Once a phrase becomes universal, though, it becomes meaningless.

That’s what’s happening now.

A wellness word printed on plastic.

“Natural” stamped on a bag of potato chips.

“Immune-supporting” slapped on anything that wants to look virtuous.

Marketing fog replacing actual meaning.

It’s Peacekeepers in 1984.

It’s “community” in Big Tech.

And on the Idiocracy side, it’s the fictional Electrolyte Drink Brawndo—marketed so aggressively that the entire population believes “it’s got what plants crave.”

In the film, they irrigate crops with the Electrolyte Drink Brawndo instead of water because advertising has replaced knowledge. Marketing departments tell us what truth is. The soil dies. The crops fail. The land collapses into a dust bowl. That’s what linguistic drift does: it hollows meaning until the absurd becomes normal.

“Food is medicine” used to mean:

eat real plants,

respect soil,

trust the chemistry that grows in the field,

trust the phytonutrients that come from this earth,

food keeps you alive and makes you whole.

Now it means turmeric dust on junk food.

Or a wellness word added so a product can sell for $3 more.

This hollowed-out category is not a comfortable place for real food to sit.

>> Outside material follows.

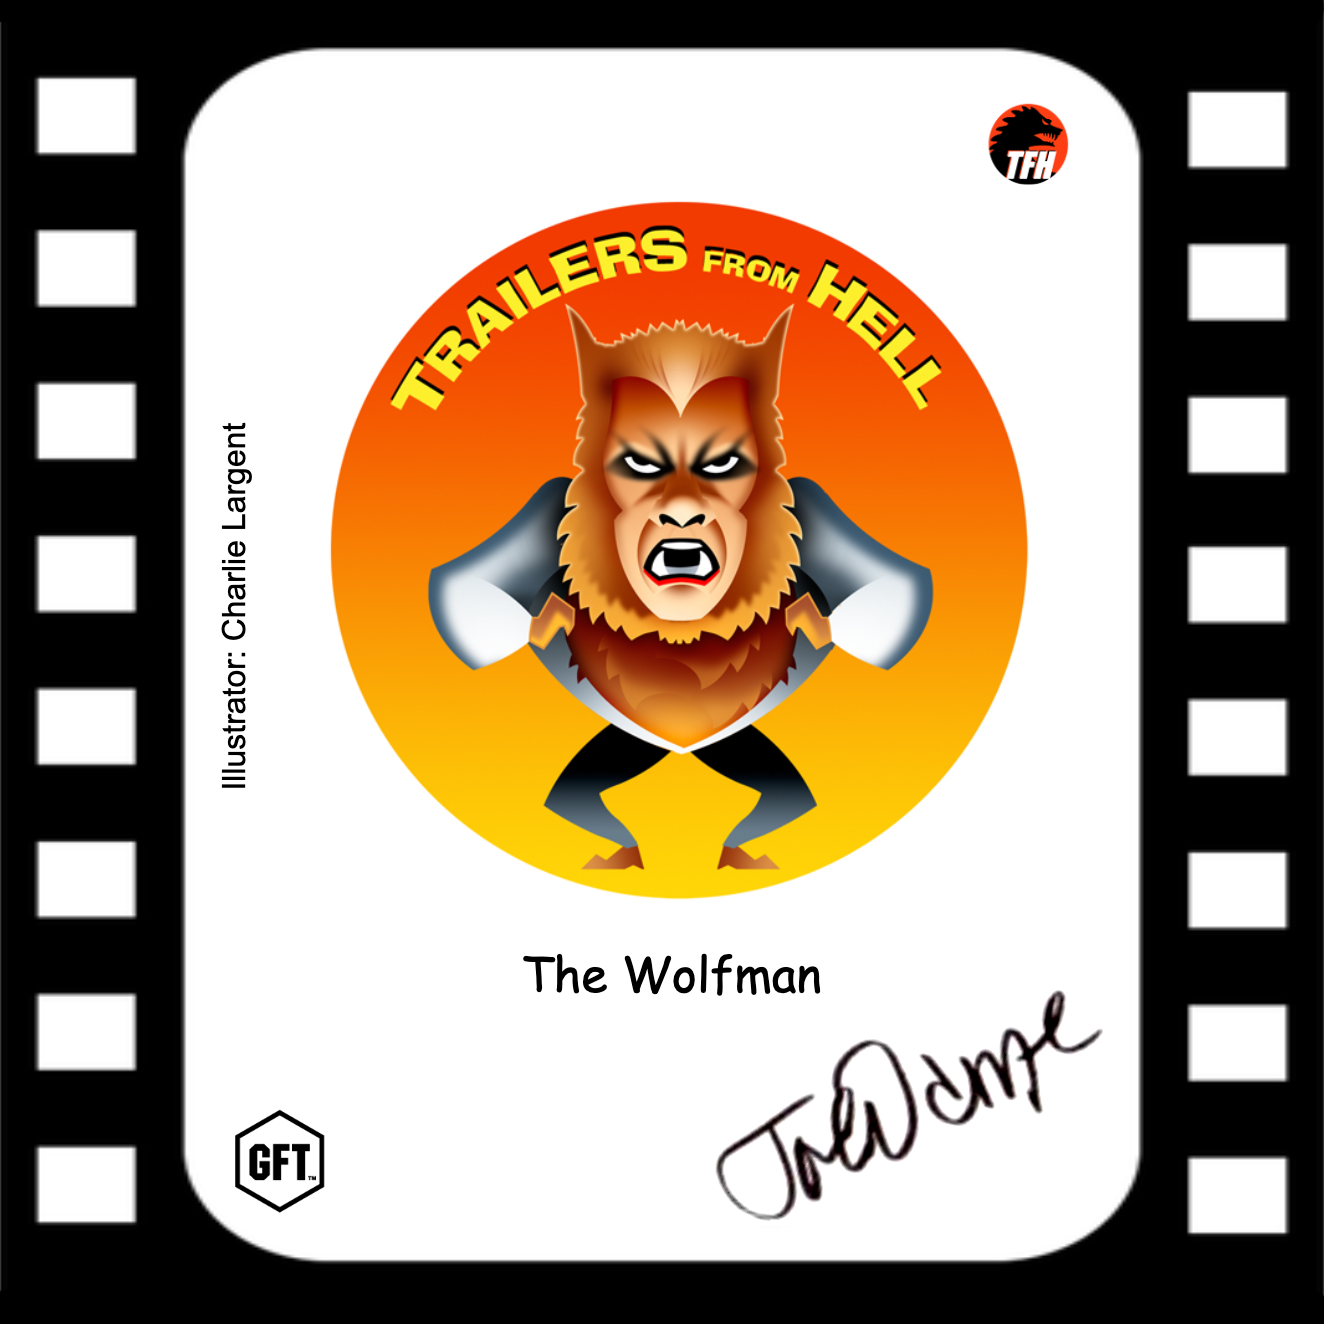 Trailers From Hell: The Wolfman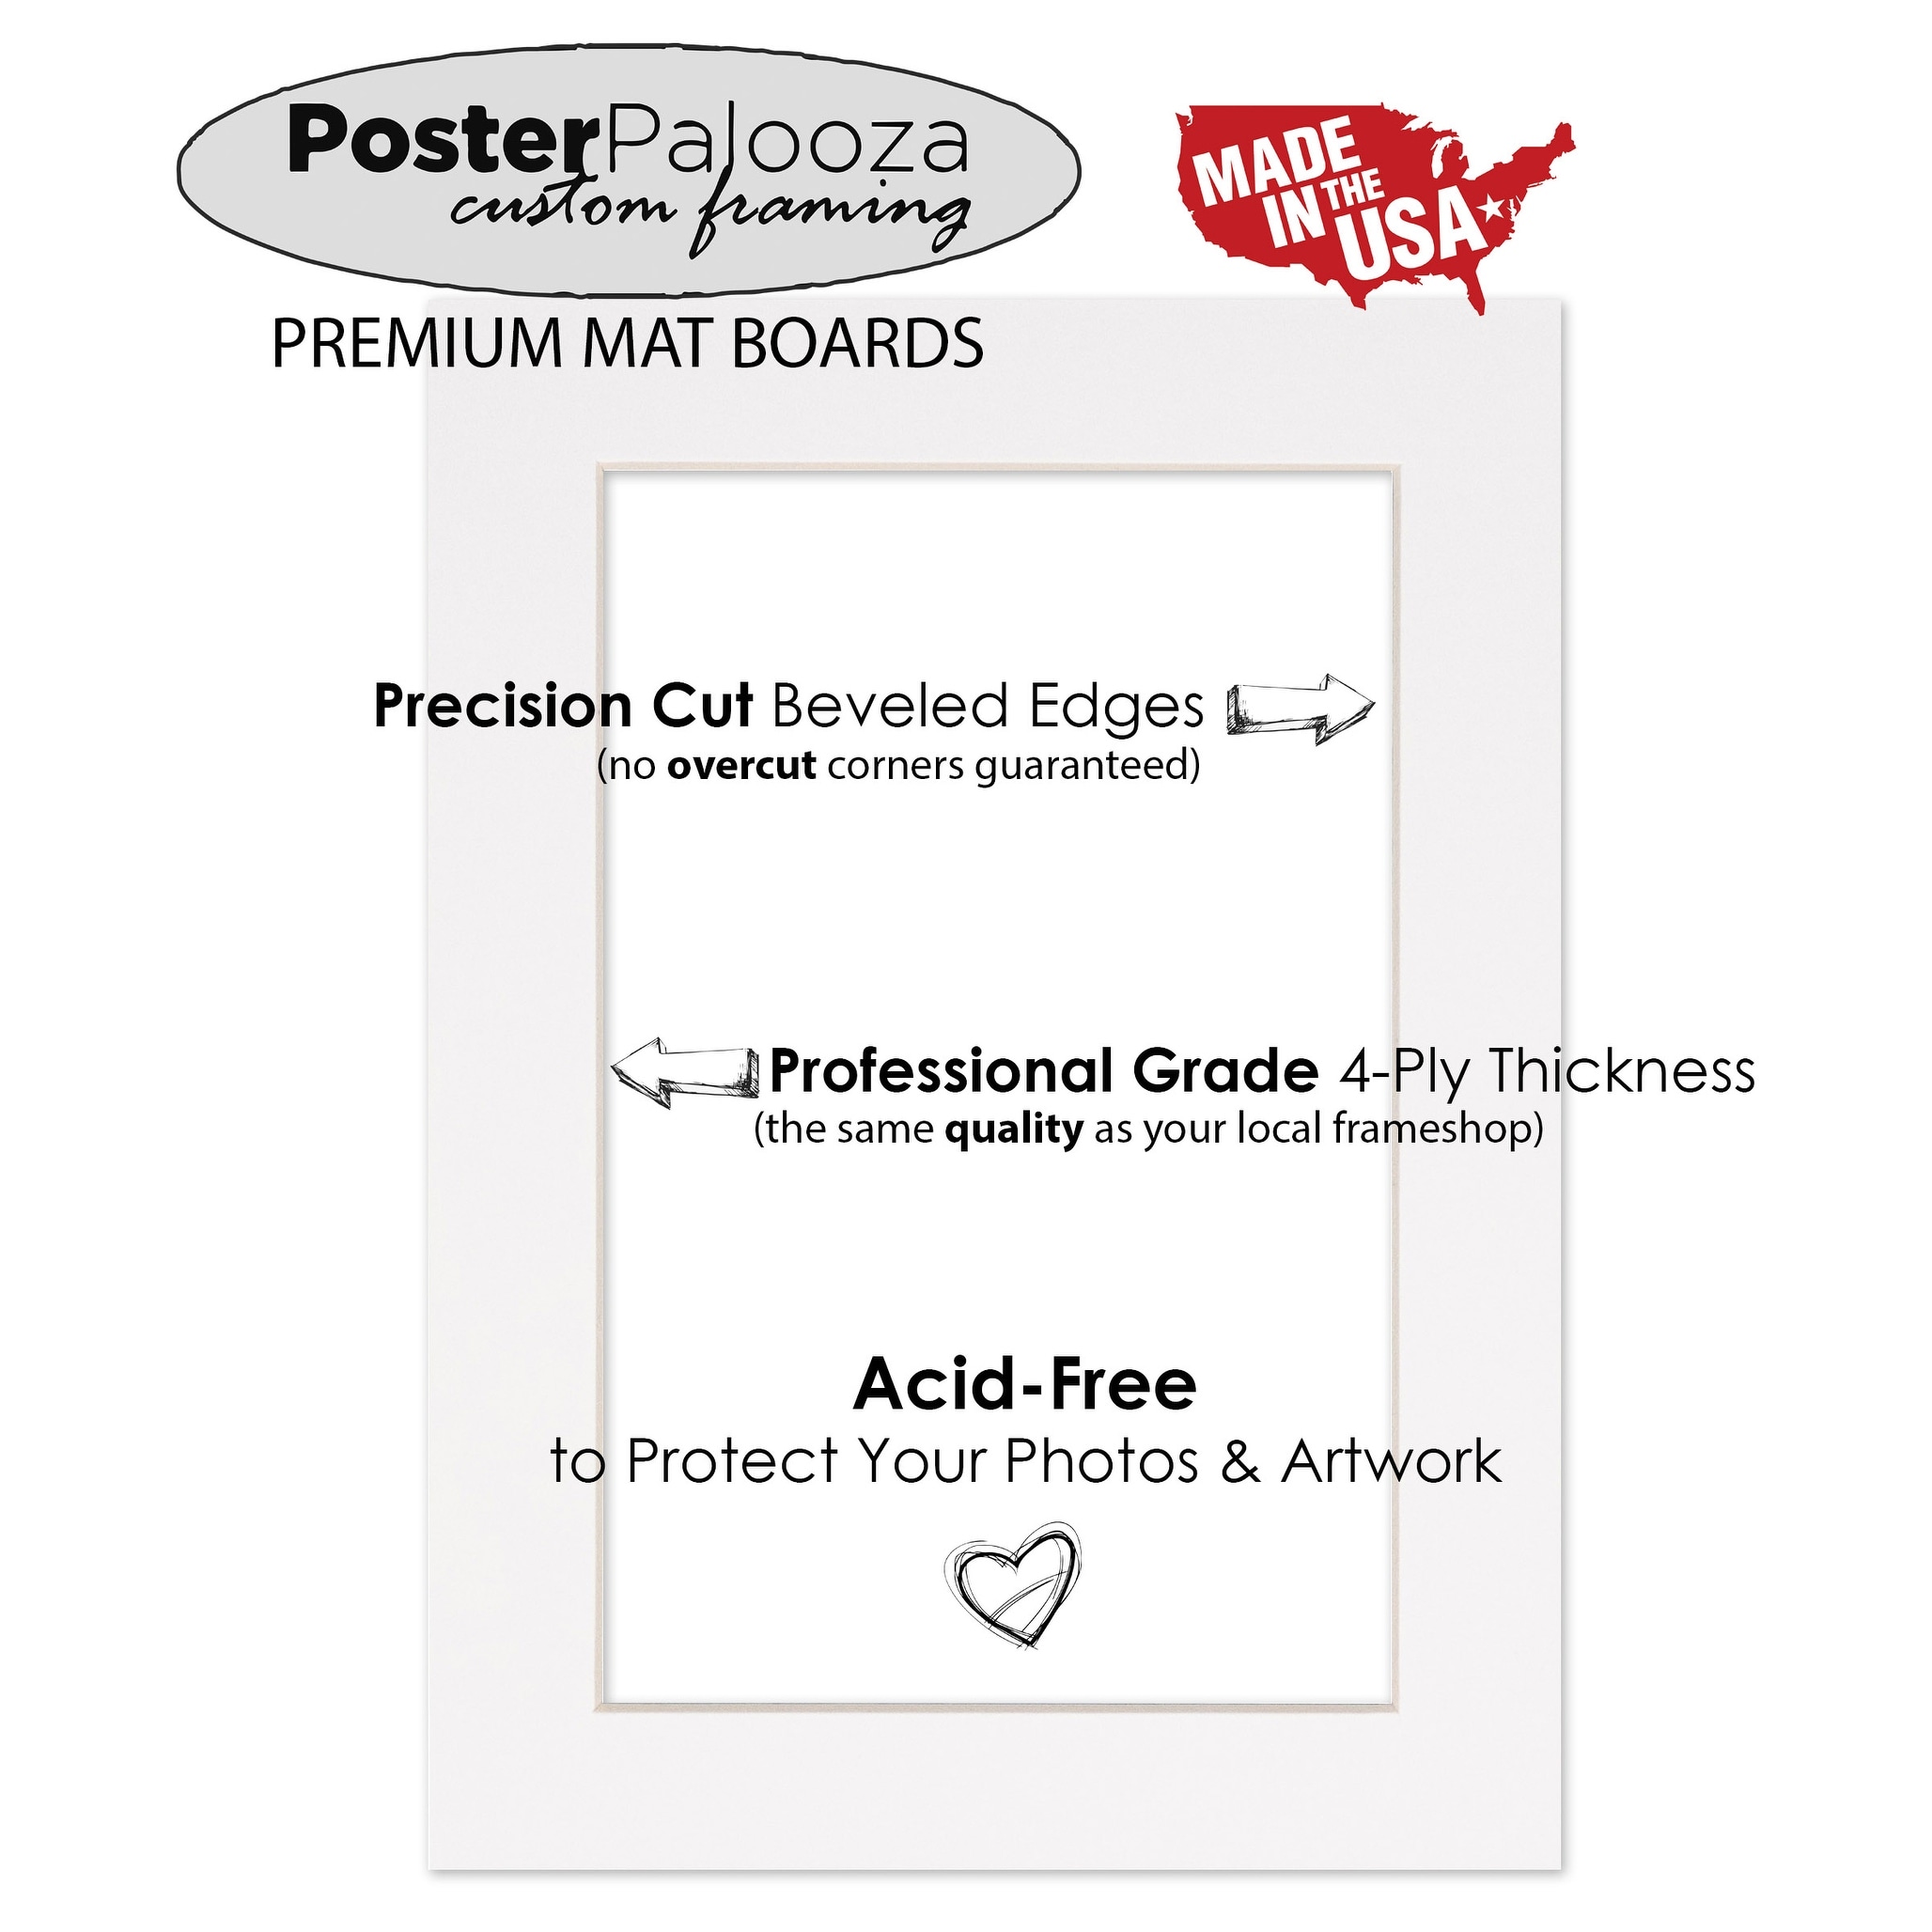 8x10 Mat for 5x7 Photo - White with Black Core Matboard for Frames Measuring 8 x 10 In- to Display Art Measuring 5 x 7 Inches

The old category, where LionBerry sits—the one before wellness gloss, before powdered fantasy, before language drift washed the meaning out of the words—still exists. But sitting there is not accidental. People tell me all the time to cheapen it, powder it, plastic-bottle it, isolate it, dilute it, lab-flavor it, margin-boost it, and make it “scalable” by stripping out the thing that makes it real.

I don’t do it.

Not because it’s easy.

But because sometimes the right thing to do is always the hardest thing to do.

LionBerry sits in the old category because I fight for it to sit there.

Real plants.

Real chemistry.

Real soil.

Real function.

Zero powdered fantasy.

LionBerry is exactly what it says it is: a farm-crafted drink made out of actual food.

When I say “the phrase doesn’t need to be fixed,” I mean the phrase “food is medicine.”

We don’t need to invent a new set of buzzwords or rescue the old ones from misuse.

We don’t need to rebuild or replace the language itself.

What needs to change is this:

start making products that mean what the words used to mean.